While we are on the subject of making things...
…exciting plans to help a friend with 18th and 19th century reenacting this year were put to the side when COVID hit and all the events were cancelled. Coincidentally, my husband’s business got very busy and he needed more of my help. With that said, I had already made my 18th century skirt and apron. I’m halfway to having an outfit for next year’s Fraser’s Ridge Homecoming!

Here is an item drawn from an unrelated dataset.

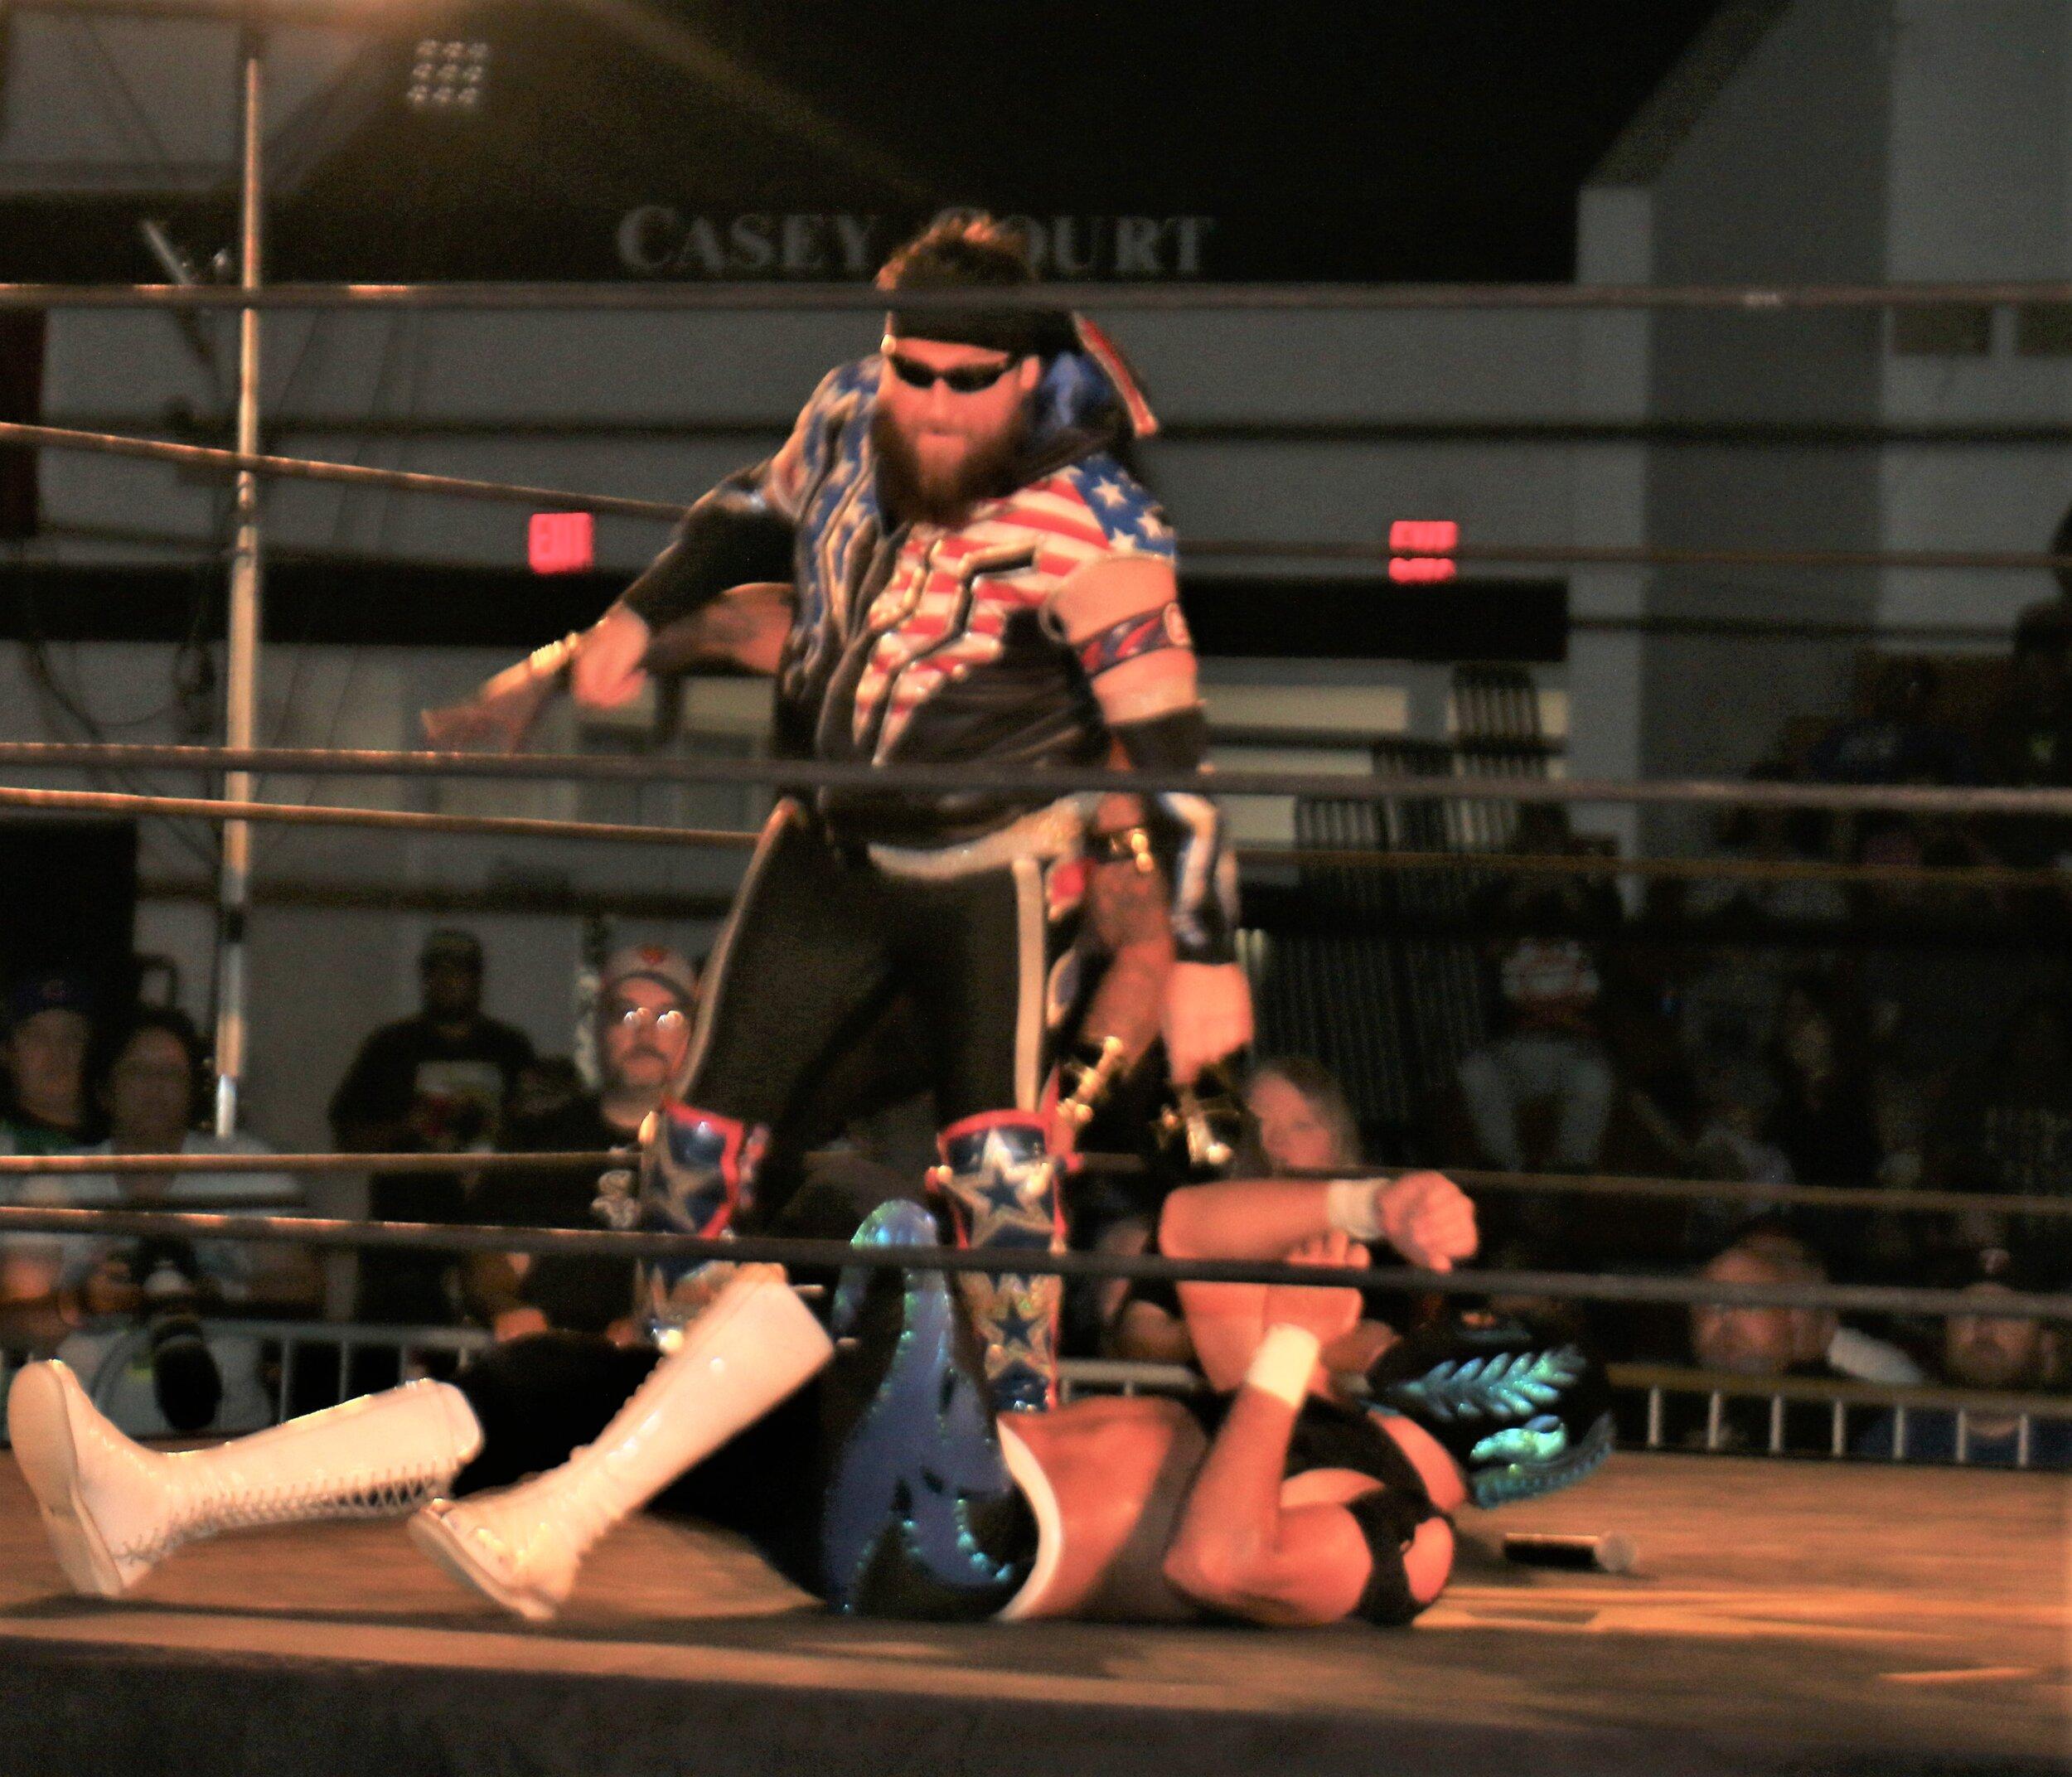 Gringo Loco attacks Sobreano Jr.

What I Am Reading and Watching
I have been re-reading/re-listening to A Breath of Snow and Ashes. There is soooo much I missed the first time around in my race to read through all the books. The book series These Highland Hills by Kathleen Morgan is another I’ve been dabbling in. A friend who is a fellow “Outlander” fan loaned them to me and thought I might like them. The story is set in the 1500s and has very old Scottish language so it takes some time to read. I was reminded of the movie Far and Away (have you heard of it? I’m astonished at how many people haven’t!). I borrowed the DVD from the library and my husband and I had a movie date. I have also started rewatches of “Poldark” and “TURN: Washington Spies.” Basically, anything to get my history fix, and a bit of romance, too. I’m just buying time until “Outlander” Season 5 comes out on DVD. I told my husband that’s part of my birthday present since it’s due to release September 15th.
We recently started raising quail. Originally we were going to build a chicken coop and raise chickens. My oldest has been asking to do so for awhile now since my brother raises chickens and ducks, as well as homing pigeons in the past. He recently got some quail and thought it would be good for us to start out with for bird-raising since they are smaller, easier to care for and have less of a footprint. We’ve been enjoying it and plan to add to our flock when my brother hatches more.
My hopes for creating a She Shed this Spring have been put on hold until at least the Spring of 2021. I also wanted to install a stock tank pool in our backyard, but everyone else must be as well, because stock tanks are hard to find! This Fall and Winter, I would like to put up a Colonial-inspired board and batten up in our dining area, adding pegs to hang my aprons and my herbs.
I thought I’d channel my inner Mrs. Bug and try brewing my own batch of cherry bounce! Several of us were brewing individual batches for Fraser’s Ridge Homecoming, but sadly, that won’t be happening this year, so I decided to bring a little bit of Homecoming to my house and brew it anyway! However, I chose to wait until at least New Year’s Eve to partake–I’m really looking forward to trying it!
Hopefully, this gave you some ideas on what you can do while we wait for the next season (which sadly could be a year away).
What are you enjoying during Droughtlander?
Thank you so much for sharing all of your busyness, Tara! You have definitely made the most of your time during these warm months of Droughtlander! Tara is also a My Peak Challenge member, and her Peaker story is one of the most-read posts on the blog–check it out!
Now, what Tara asked–what are you doing/watching/reading to get through Droughtlander? It better be plenty, because it looks like we have to wait a little longer. (Just remember the old “good things come to those who wait” logic to keep you sane!)